September 7, 2016 - We added Duo two-factor support to our Unity IdP shib.ncsu.edu. Anyone with an enrolled Duo account will be asked to complete their login using their two-factor application. Users without Duo accounts will continue to login with just their password.
We also included a fix to the IdP session timeout times. The IdP login sessions will timeout after 1 hour of inactivity or 10 hours total lifetime, as was originally intended. Current default timeouts are 30 minutes inactivity or 1 hour total lifetime.
August 10, 2016 - Monthly maintenance completed as planned. Services were impacted between 5:00pm and 5:25pm.
July 26, 2016 - Even after the LDAP servers reported they had reverted, we were still getting reports of some users getting inconsistent affiliation results. We did a rolling restart of all Unity IdP servers starting at 1:15pm and ending at 1:35pm, to clear all the caches.
July 26, 2016 - Our upstream data dropped an important table which caused our LDAP data to lose track of many affiliations. We reverted our LDAP to a backup copy from yesterday, effective at 9:23am today.
July 13, 2016 - Monthly maintenance completed as planned. Services were impacted between 5:00pm and 5:35pm.
June 9, 2016 - The Jetty patches in the last update disabled all protocols except TLS1.2. This was not an intended update at this time. We have rolled back the servers as of 11:45am.
June 8, 2016 - Monthly maintenance completed as planned. Services were impacted between 5:00pm and 5:25pm.
June 3, 2016 - The v2 server for IdP test 1 has been removed. The v3 servers idpt1.shib.ncsu.edu and affilt1.shib.ncsu.edu have been added to replace it. These are currently configured for use with OIM testing.
May 29, 2016 - IdP test 2 server has been reconfigured to support Duo two-factor authentication, for those with Duo accounts.
May 11, 2016 - Successful Go-Live for IdP v3 at 7:00am as announced below. A few Service Providers were allowed to continue to use IdP v2 while they work out compatibility problems with old libraries.
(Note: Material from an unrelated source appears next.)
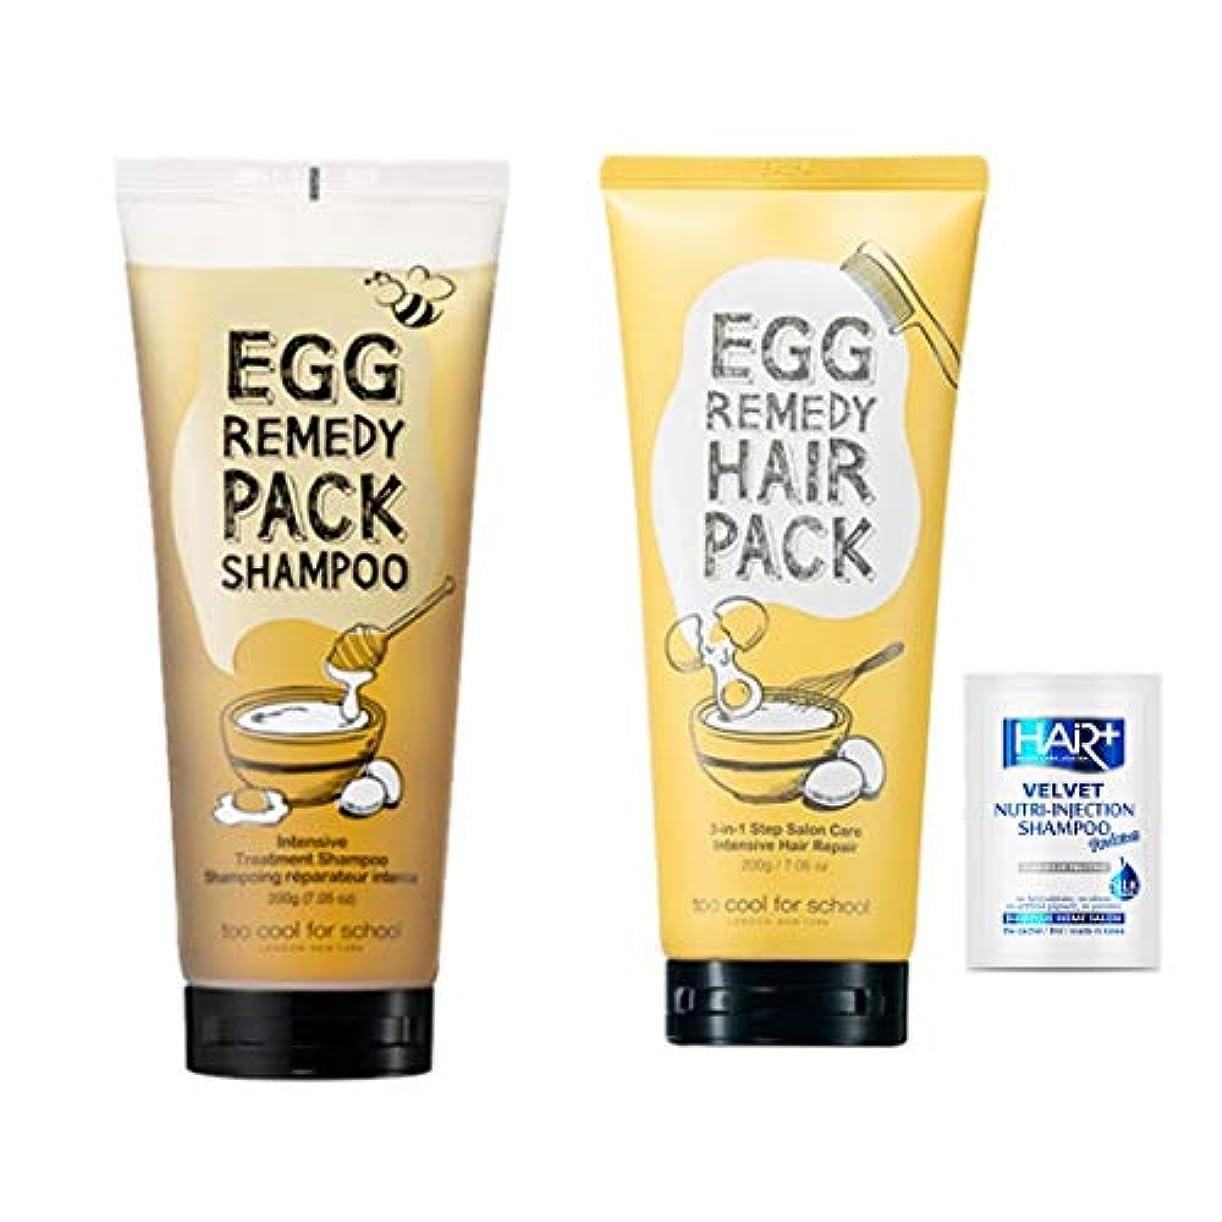 ネックレットジャズ必需品トゥークールフォ―スクール(too cool for school)/エッグレミディパックシャンプーtoo cool for school Egg Remedy Pack Shampoo 200ml + エッグレミディヘアパック...

May 9, 2016 - SPs using Affiliates login switching to affil.shib.ncsu.edu starting at 9am.
March 16, 2016 - Announcement for Upgrade to IdPv3 on May 11 posted to SysNews.
February 23, 2016 - Split IdP test2 server into two new entities. These servers will be used for IdPv3 testing.
- idpt2.unity.ncsu.edu/idp is now idpt2.shib.ncsu.edu/idp
idpt2.unity.ncsu.edu/other-idp is now affilt2.shib.ncsu.edu/idp
Feb 24 Note: v2 idpt2.unity.ncsu.edu/other-idp had to be restored, it was still being used for development.
February 18, 2016 - IdP server reboots for OS security patches
January 8, 2016 - Fixed logo and info links in all metadata files.
January 6, 2016 - Placed redirects on shib.ncsu.edu servers for all non-IdP traffic.
December 2, 2015 - Reconfigured IdP servers to use docs.shib URLs for federation metadata.
November 30, 2015 - Deployed separate docs.shib host dedicated to hosting these documentation and federation files.
October 15, 2015 - Reconfigured IdP servers for better LDAP caching. Should reduce the recent failures due to LDAP overload.
August 11, 2015 - Built and released updates to xmltooling-1.5.6-1.1 and shibboleth-2.5.5-3.1 SP packages.
July 21, 2015 - Built and released SP 2.5.5 packages in vision3 repo.
March 20, 2015 - Built and released SP 2.5.4 packages in vision3 repo.